Mayors of Holon, Ramat Gan and Herzliya are also working on similar legislation in a bid to quash efforts by Interior Minister Aryeh Deri to put a stop to commerce on Shabbat, rendering his proposed bill inapplicable to their cities in the event that it is ratified.
Bylaws that currently exist in Modi’in permit cultural and recreational activities on Shabbat but all commerce is prohibited. Despite the bylaw, there are four convenience stores that have permission to operate seven days per week.
The bylaw amendment was intended to preserve the status quo and allow for the opening of one store per neighborhood and in uninhabited commercial areas such as the Yishpro Center Shopping.

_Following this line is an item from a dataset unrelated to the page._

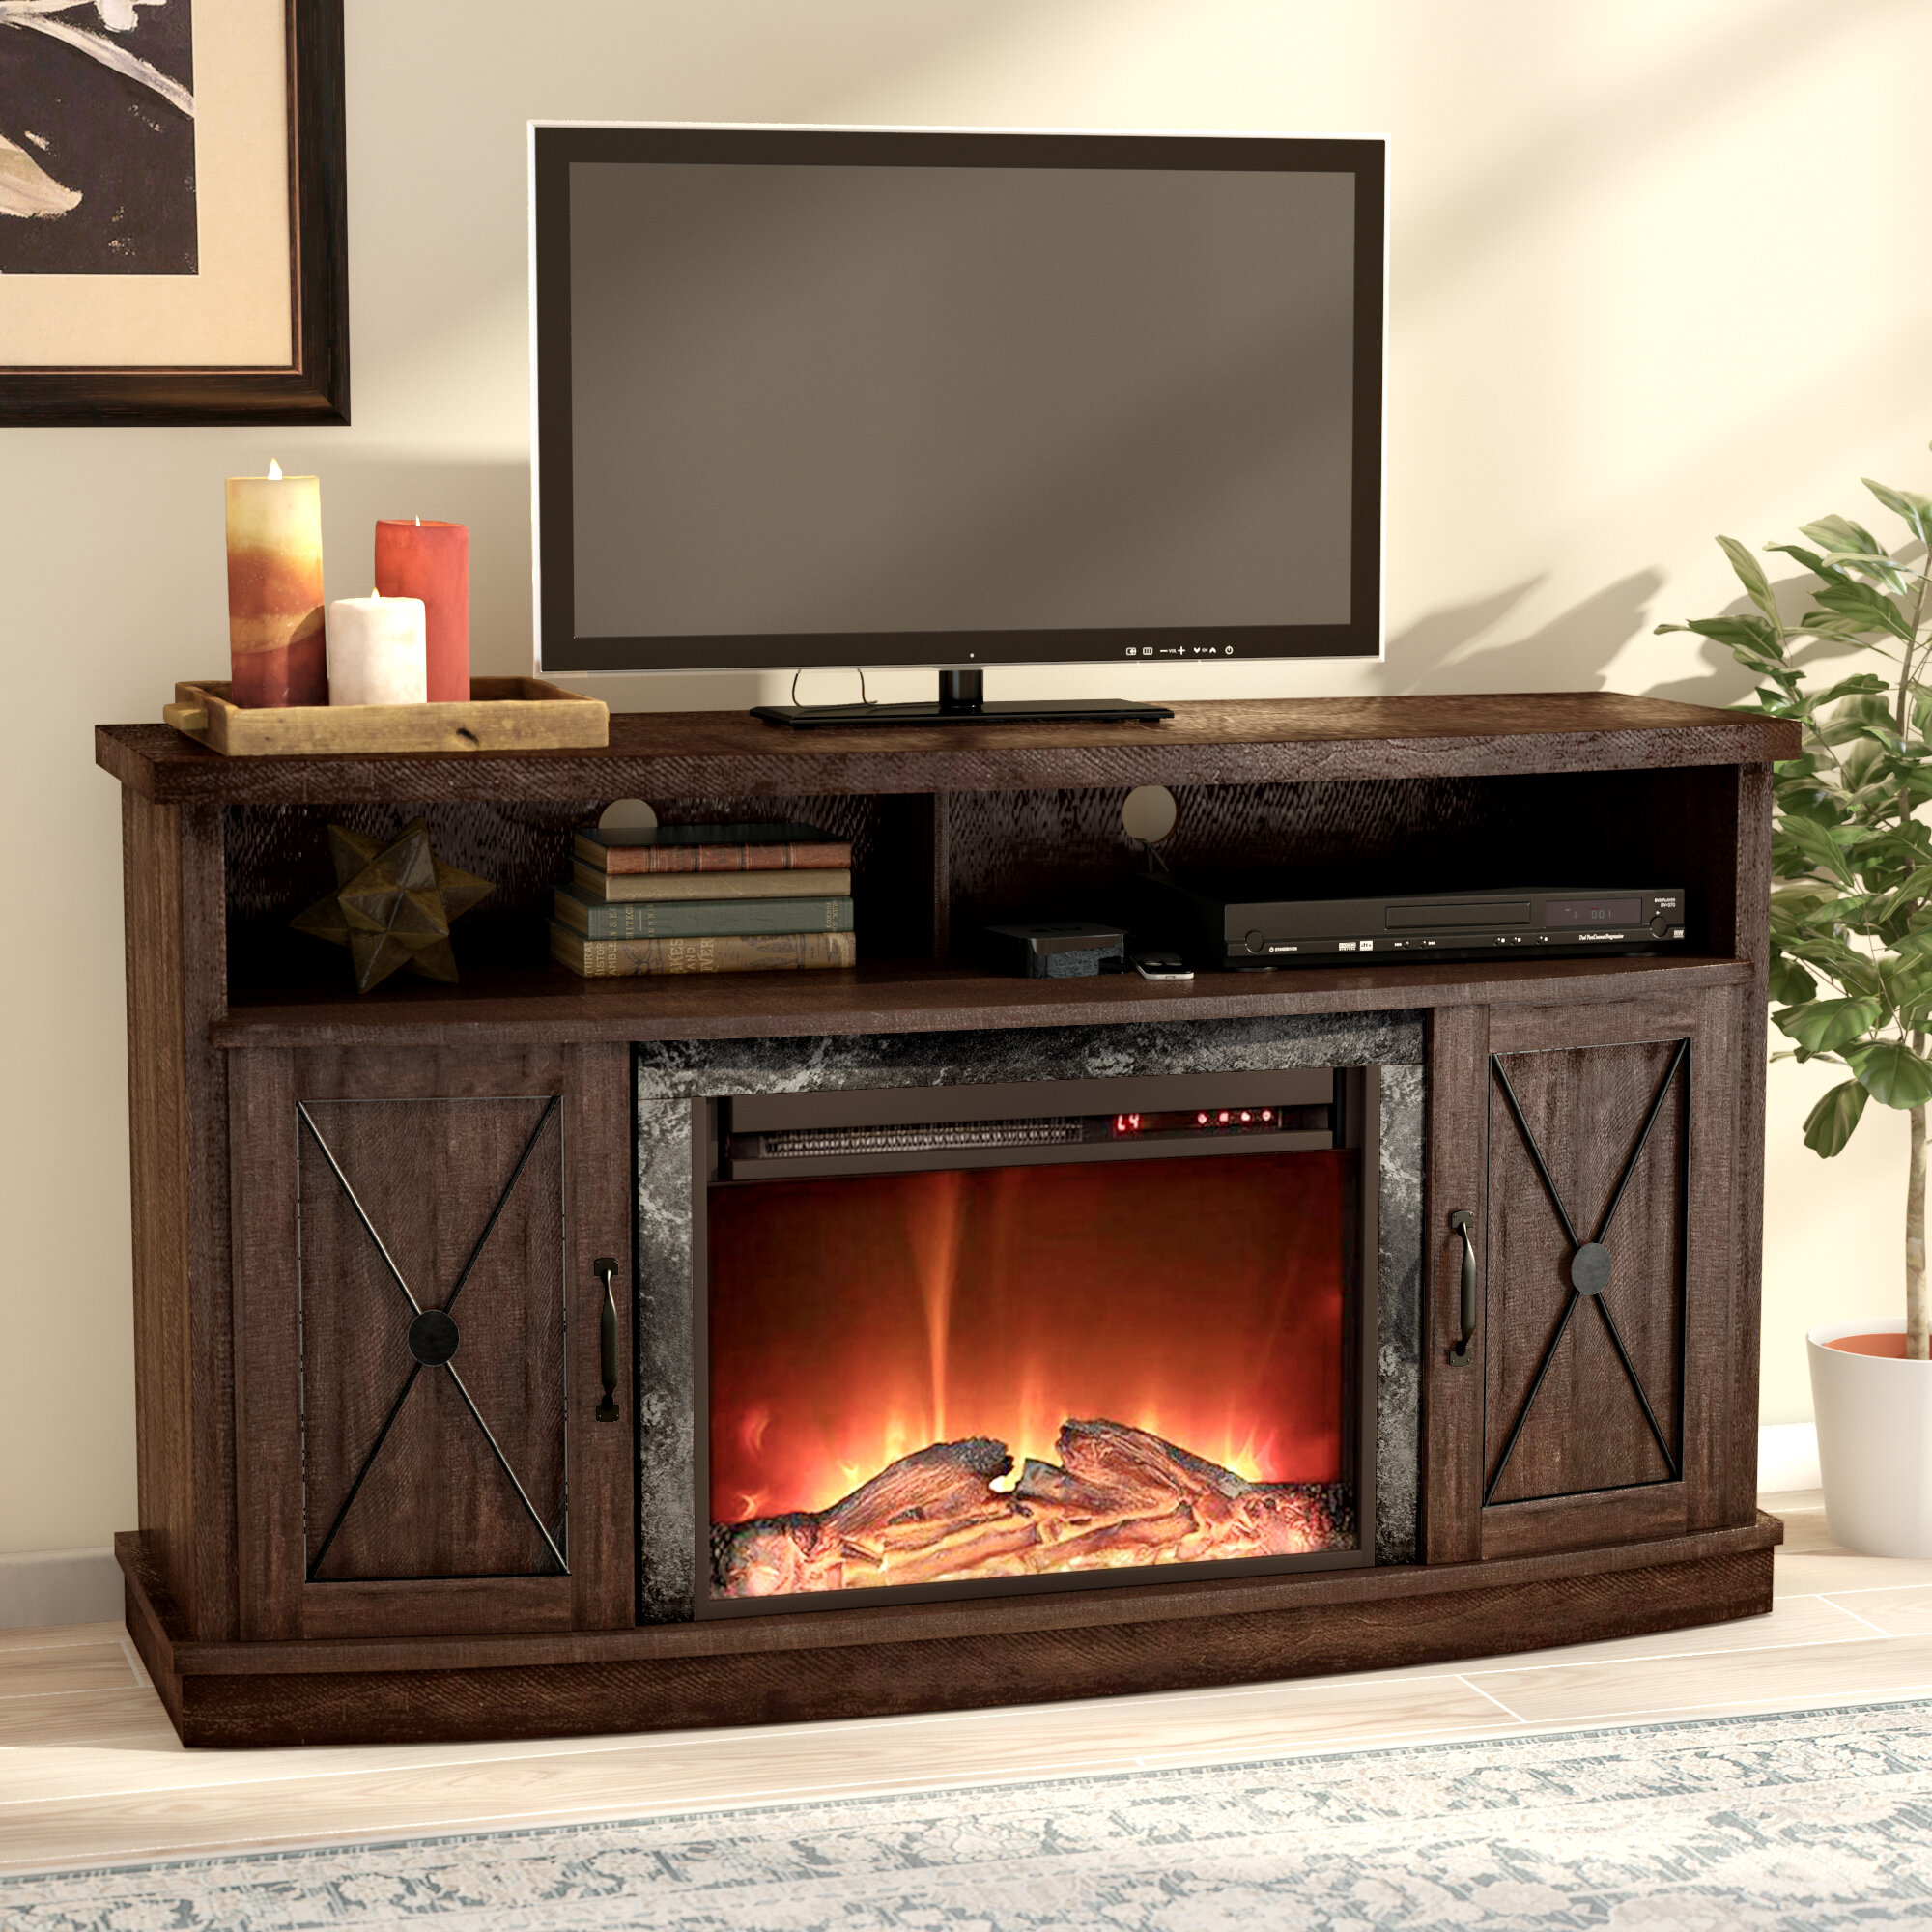 Best Electric Fireplace Tv Stand Best Of Media Fireplace with Remote

The religiously mixed city of Mod’in is also home to Israel’s Ashkenazi Chief Rabbi David Lau and numerous Orthodox communities.
Haredim and other ultra-Orthodox strands, who sit as a minority on the city council, were up against the Mayor Haim Bibas, who is also a close associate of Prime Minister Benjamin Netanyahu and a central Likud figure.
Moreover, Bibas serves as chairman of the Union of Local Authorities and leads the opposition to supermarkets bill on the national level and has even threatened to petition against it at the High Court of Justice.